The signature snack is inspired by the thrifty Scots tradition of keeping porridge in a drawer – “reinterpreted here as a slab of oats mixed with confit duck leg, fried in duck fat, and served with a pickled walnut emulsion and flurries of Isle of Mull cheddar. It tastes like haggis and brown sauce — the future and the past, all at once.”
***
Charlotte Ivers was keen to welcome the arrival of a smart new gastropub in a part of London where people of her generation (the early 30s) move to procreate. For reasons she could not fathom, however, every dish she ordered – courgettes, malfatti, fillet of cod with broad beans, smoked ricotta and tomato – arrived as or in a soup.
“Had the menu been designed with … babies in mind?” she wondered. “The infant on the table next to us seemed to be having a wonderful time. Was I, too, being weaned?”
What’s more, pretty well everything on the menu was “just slightly too sweet”. On the credit side, it is a “gorgeous” place with lovely high ceilings, the drinks list is good, and the kitchen shows flashes of genius, including “wonderfully crispy” salt cod beignets and a decent chocolate mousse with olive oil.
*****
Daily Mail
Declaring that “decent barbecue is still a rare thing in London”, Tom Parker Bowles headed to a spot that opened earlier this year just off the Chiswick High Road that he had read good things about.
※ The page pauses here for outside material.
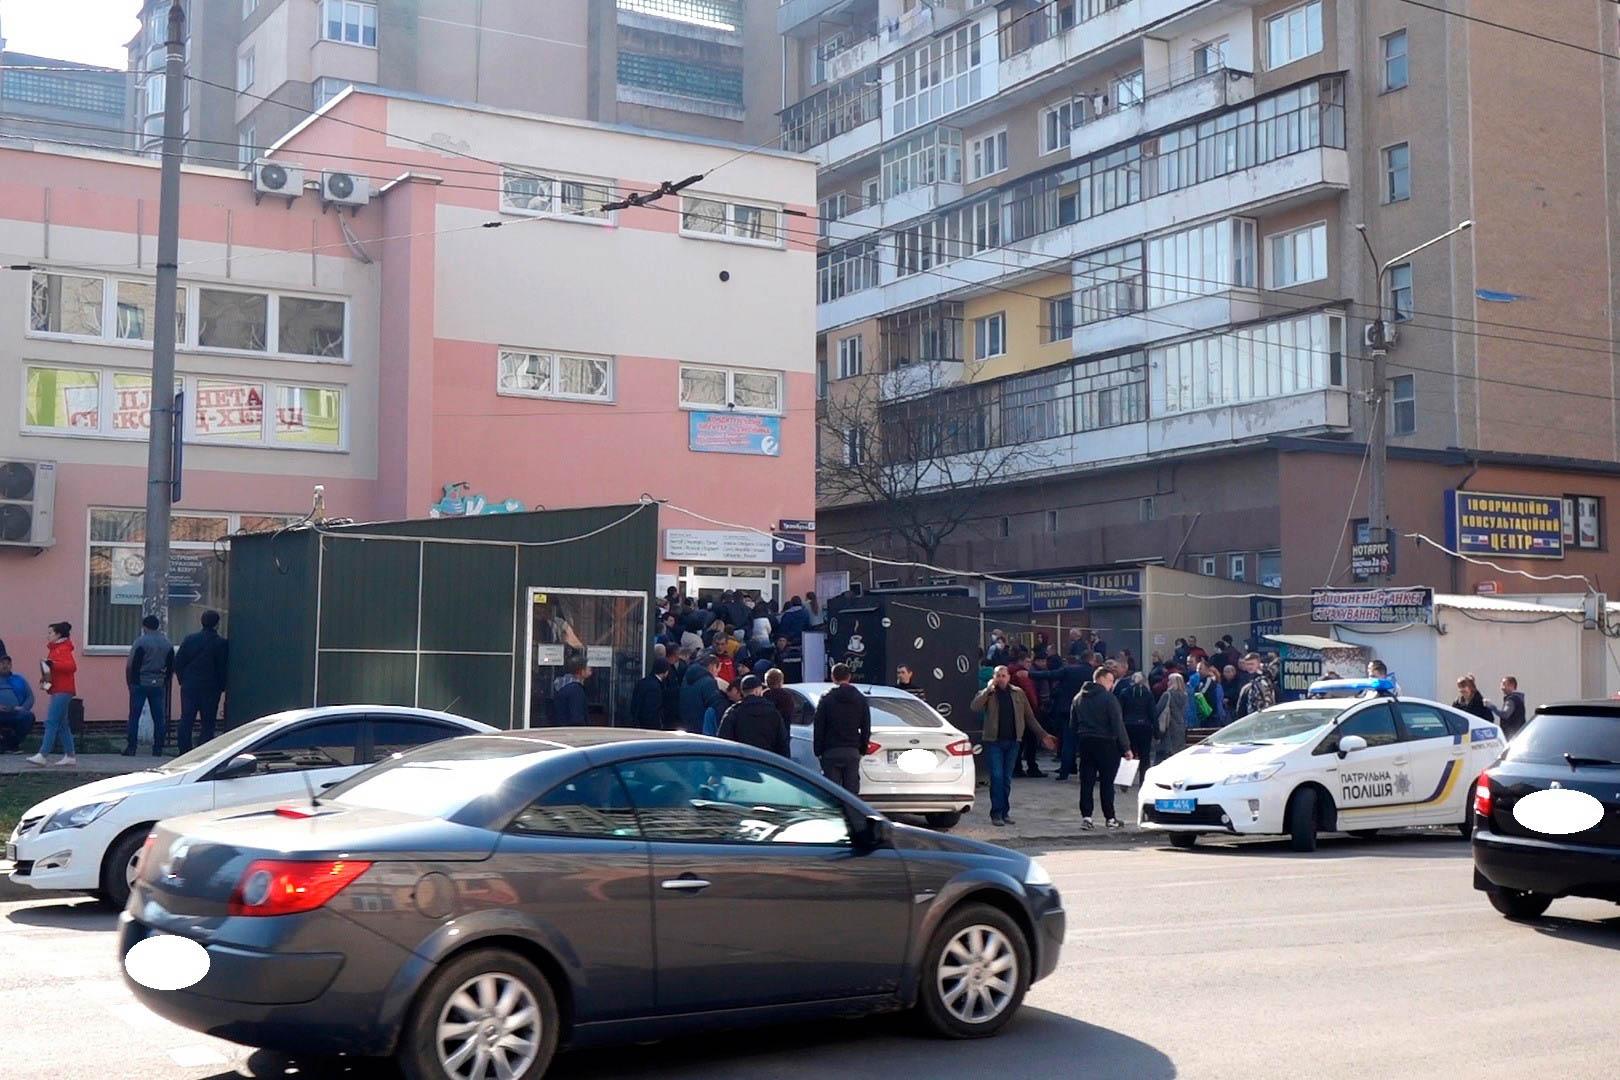 Документи важливіші за карантин: у Франківську сотні людей стоять у черзі до візового центру (ФОТОФАКТ, ОНОВЛЕНО)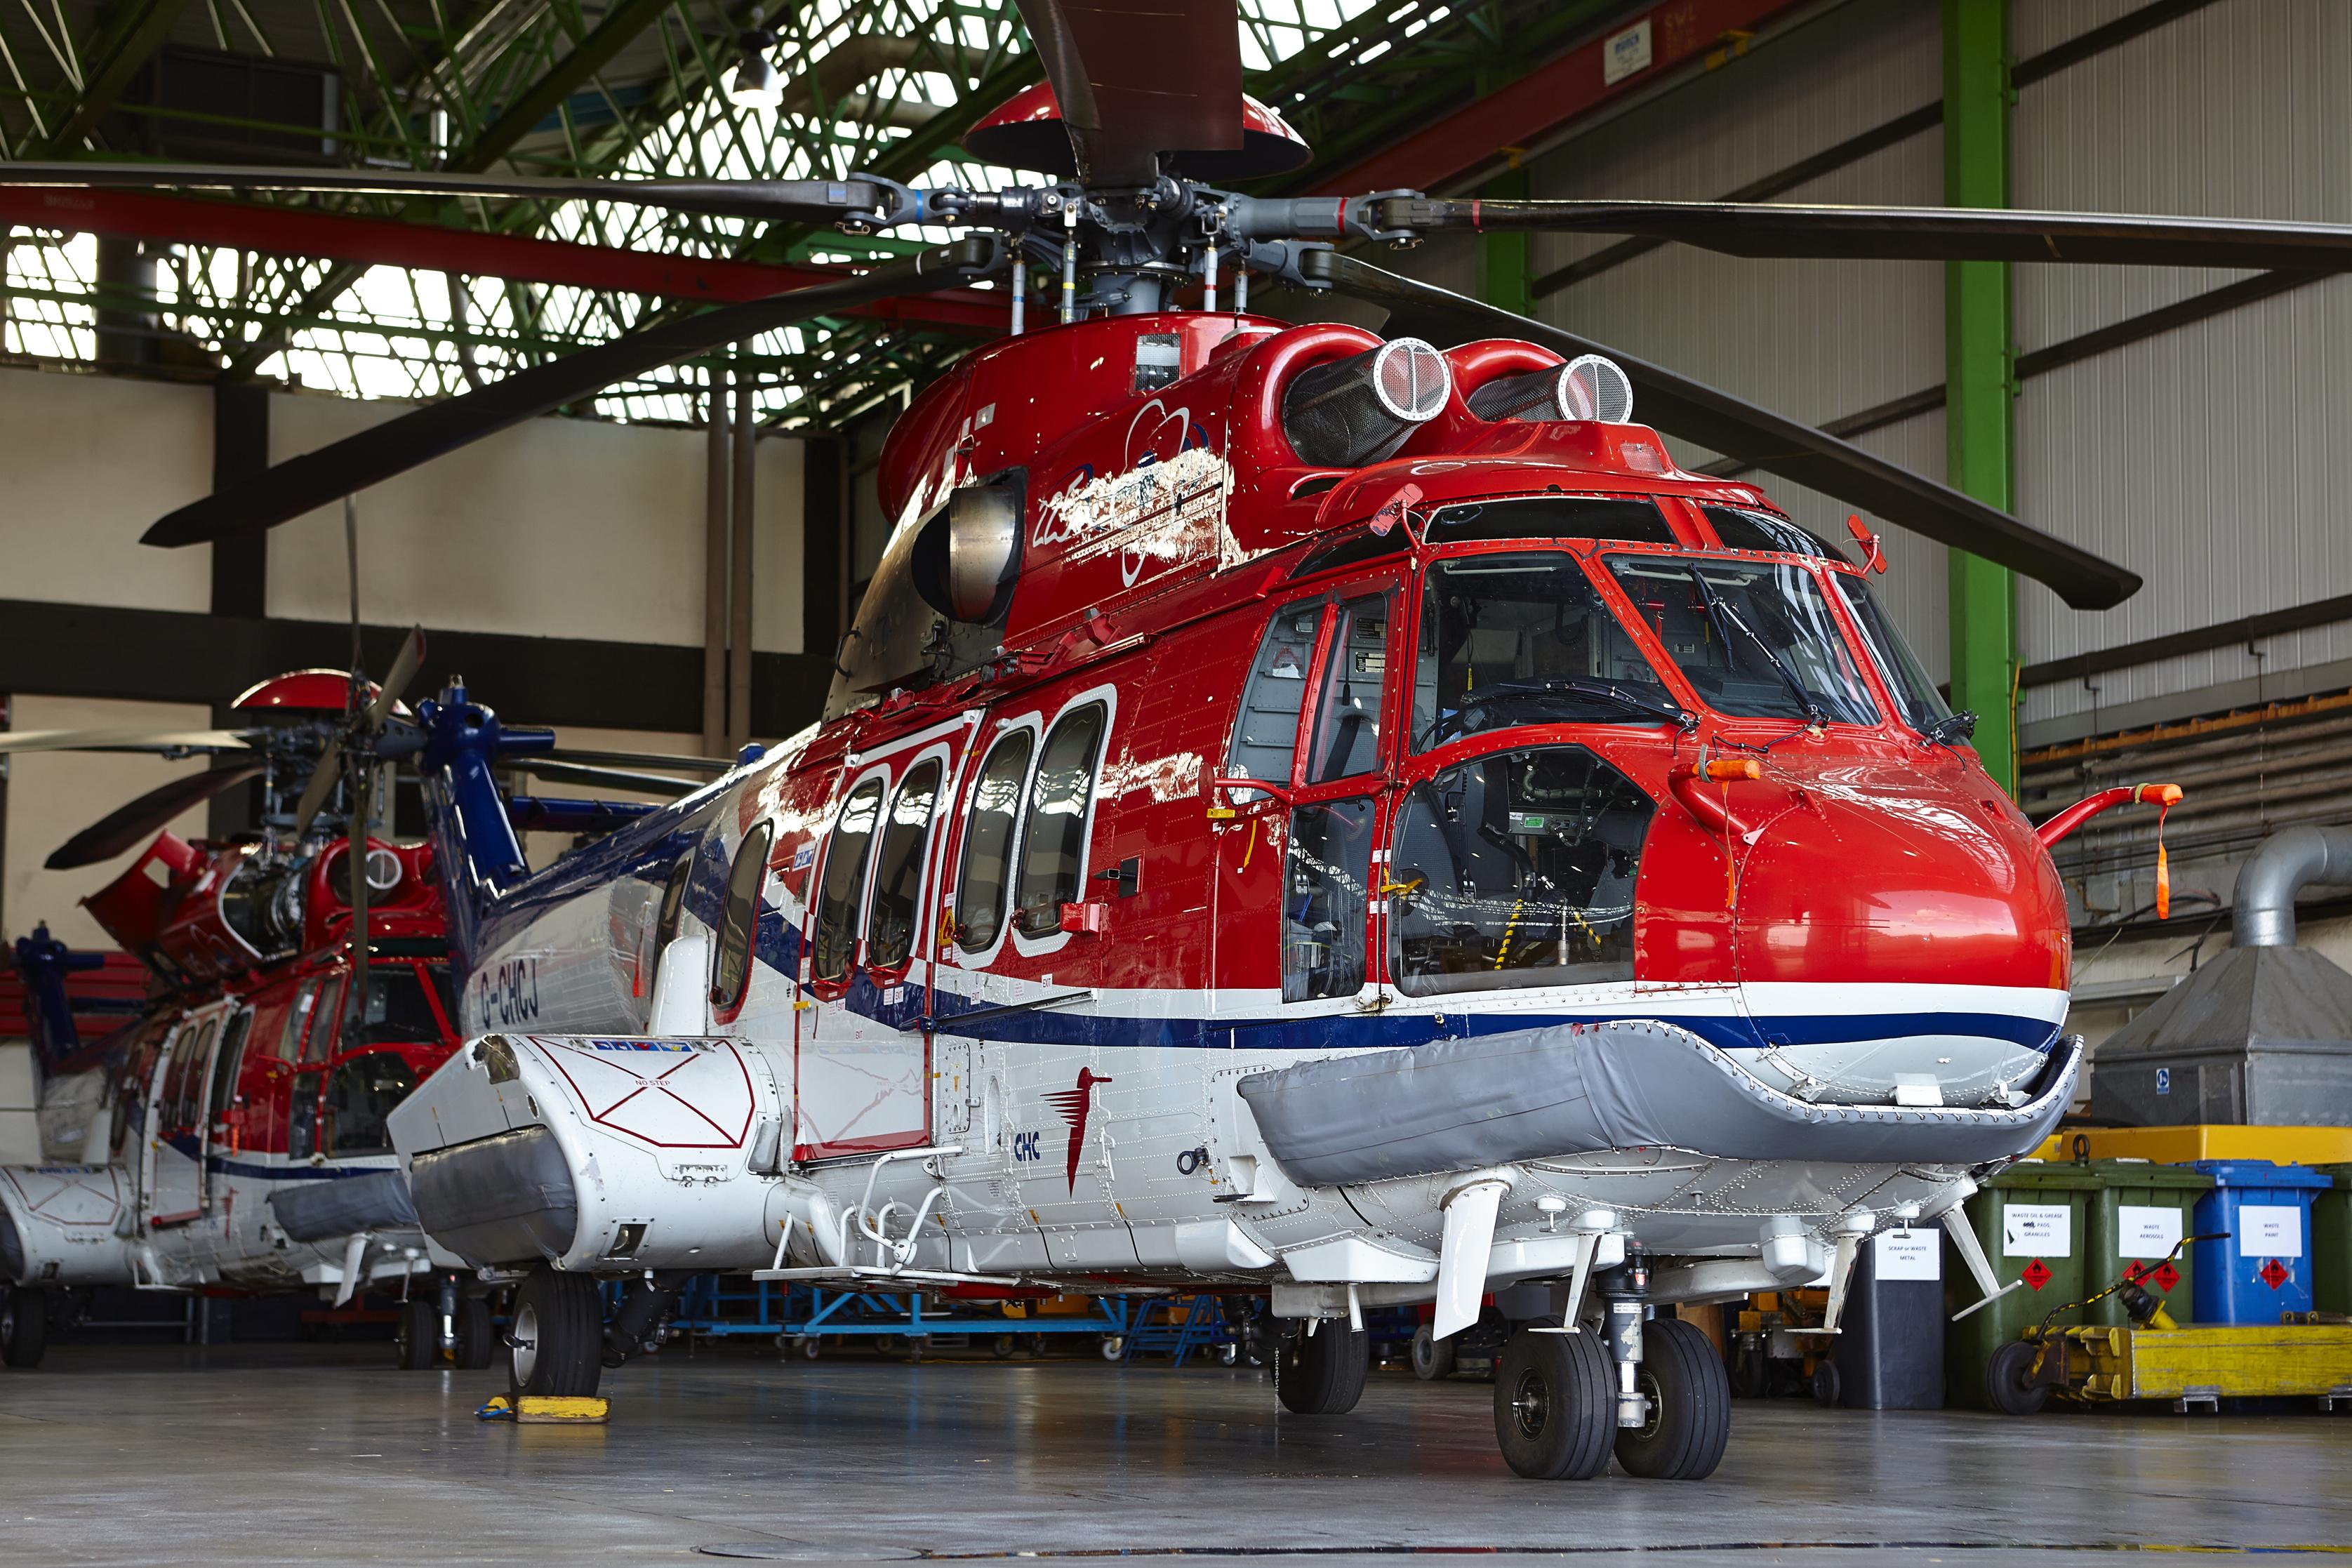 Вертолеты Airbus Helicopters H225 (EC225LP) компании CHC Helicopter в ангаре в Абердине (Великобритания). Теперь эти выведенные из эксплуатации вертолеты предполагаются к продаже для МВД Украины.

The Cookshack smoker – “a vast and serious piece of kit” – was suitably impressive, while baby back ribs had an “excellent pert texture, and a fine bark (or crust)”. “But the smoke flavour is barely discernible. They need more oomph.”
Pulled pork was up to scratch, but brisket was another disappointment. “Again, there’s little trace of the smoker and it verges on the bland. Still, there’s potential here. They just need to dial up that smoke.”
*****
Daily Telegraph
William Sitwell found gastronomic bliss at a “magical” countryside restaurant-with-rooms, created by a couple who “believe me, will go down in history as one of the great marital duos of British restaurants” – Ruth Leigh and her husband, chef Oli Brown, who worked together at her famous father Rowley Leigh’s Café Anglais in Bayswater.
Lunch here was “magnificent, proof that lovely stuff happens when a chef who has a handle on Italian technique bags fabulous local produce”. The result: a “blissful collision of Italy and England”.
The absolute highlight of William’s meal was chocolate mousse – “ah! Rich, soft and uncomplicated, like Mummy used to make it. The lesson of the mousse as with everything at Updown – don’t mess with greatness, instead understand how you can simply make it greater.”
*****
Financial Times
Jay Rayner was impressed by the new incarnation of a legendary Thai canteen in Leytonstone, recently relaunched in a more central location by head chef Sirichai Kularbwong following the retirement of his parents. Jay confessed he had never visited the original – and worried that its cult was partly a function of location, the “schlep to east London” acting as “its own flavour enhancer”.
He need not have worried, finding “vivid, brilliant food, a long way from the obvious repertoire of the generic British Thai restaurant”. There was a fiery larb made with finely chopped raw beef that left him sweating and blinking; shell-on prawns in a “fabulously pungent curry”; nuggets of smoked pork belly, “caramelised outside, melting within”.
Here in central London, though, regional Thai cooking seems less original, with Smoking Goat across the road, Som Saa nearby, and others not too far away. Never mind, Jay declared, it’s not a competition: “Singburi is dead. Long live Singburi.”